I have been working to add features to /fortran/lammps.f90 the last couple of days, and I have implementations all the way through lammps_extract_global (working through library.h in order) working and tested.
I thought I’d run this by Axel, at the very least, before I proceed much further. In the /examples/COUPLE/fortran2 API, I made lammps_extract_global and similar functions into subroutines whose first argument is the variable being returned.
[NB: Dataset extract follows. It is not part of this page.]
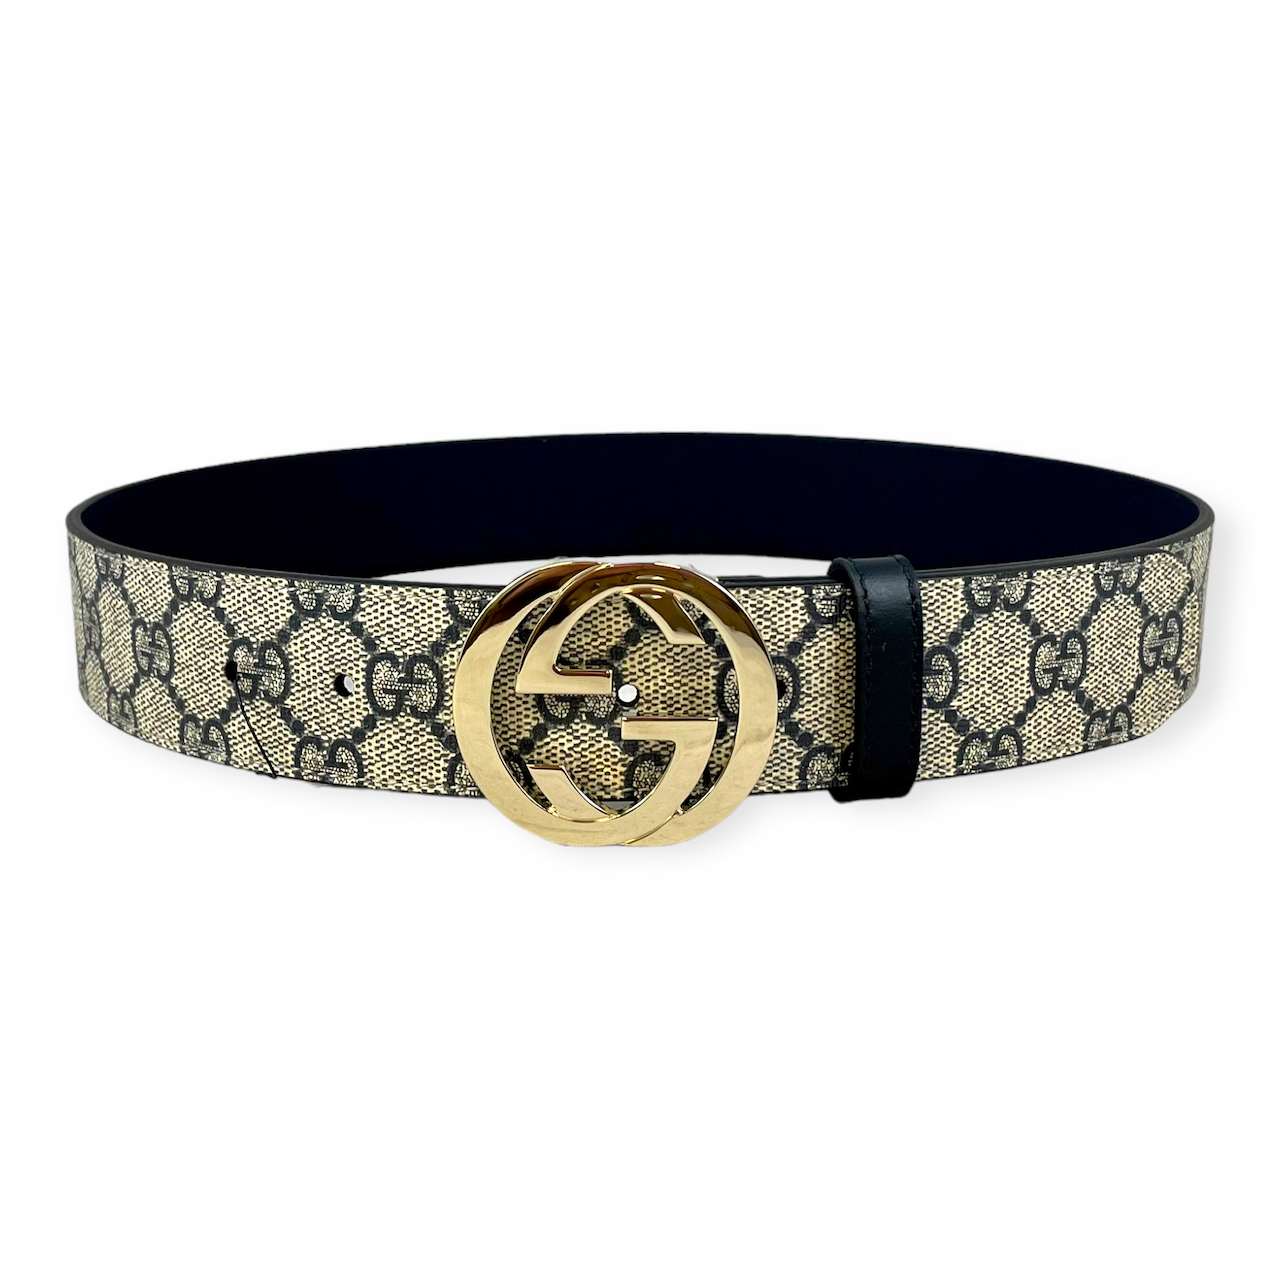 Gucci Belts for sale in Houston, Texas

This isn’t identical to the C interface, but it’s close, and saves the trouble of having an array of extra constants around.
I came up with an alternative for /fortran/lammps.f90, which is to resolve what kind of data lammps_extract_global (from the C API) is returning similar to the way Python does it, namely to have another parameter called “dtype” whose sole duty is to state to the compiler that the function is returning an integer, a 64-bit integer, a 64-bit real number, a string, etc. For example,
integer (C_int) :: nlocal
real (C_double) :: dt
! more code
nlocal = lmp%extract_global('nlocal', LMP_INT)
dt = lmp%extract_global('dt', LMP_DOUBLE)
where LMP_INT and LMP_DOUBLE are (public) constants defined within /fortran/lammps.f90.
First, would doing it this way be confusing to users and/or a maintenance issue (or otherwise icky)?
This led me to thinking along the lines of how to deal with LAMMPS_BIGINT and the LAMMPS_SMALLBIG/LAMMPS_BIGBIG/etc. settings. Since those settings are all set by preprocessor directives, Fortran won’t see them at all, so there isn’t an easy solution (such as defining LMP_BIGINT=LMP_INT if bigints are ints and LMP_BIGINT=LMP_INT64 if bigints are int64_ts). We can pull the size of bigint, tagint, and imageint out of extract_setting once LAMMPS is running, but that doesn’t let the user declare something like
integer (C_bigint) :: ntimestep
at compile time (which is what they would do with the C or C++ APIs). Right now, I would lean toward having the Fortran API be agnostic to such things and rely on the user to “know” which integer kind to pass, but it would be nice to be “clever” about it (similar to the Python interface’s “dtype=LAMMPS_AUTODETECT” and subsequent type resolution, which of course is not possible in strongly-typed languages). Any thoughts?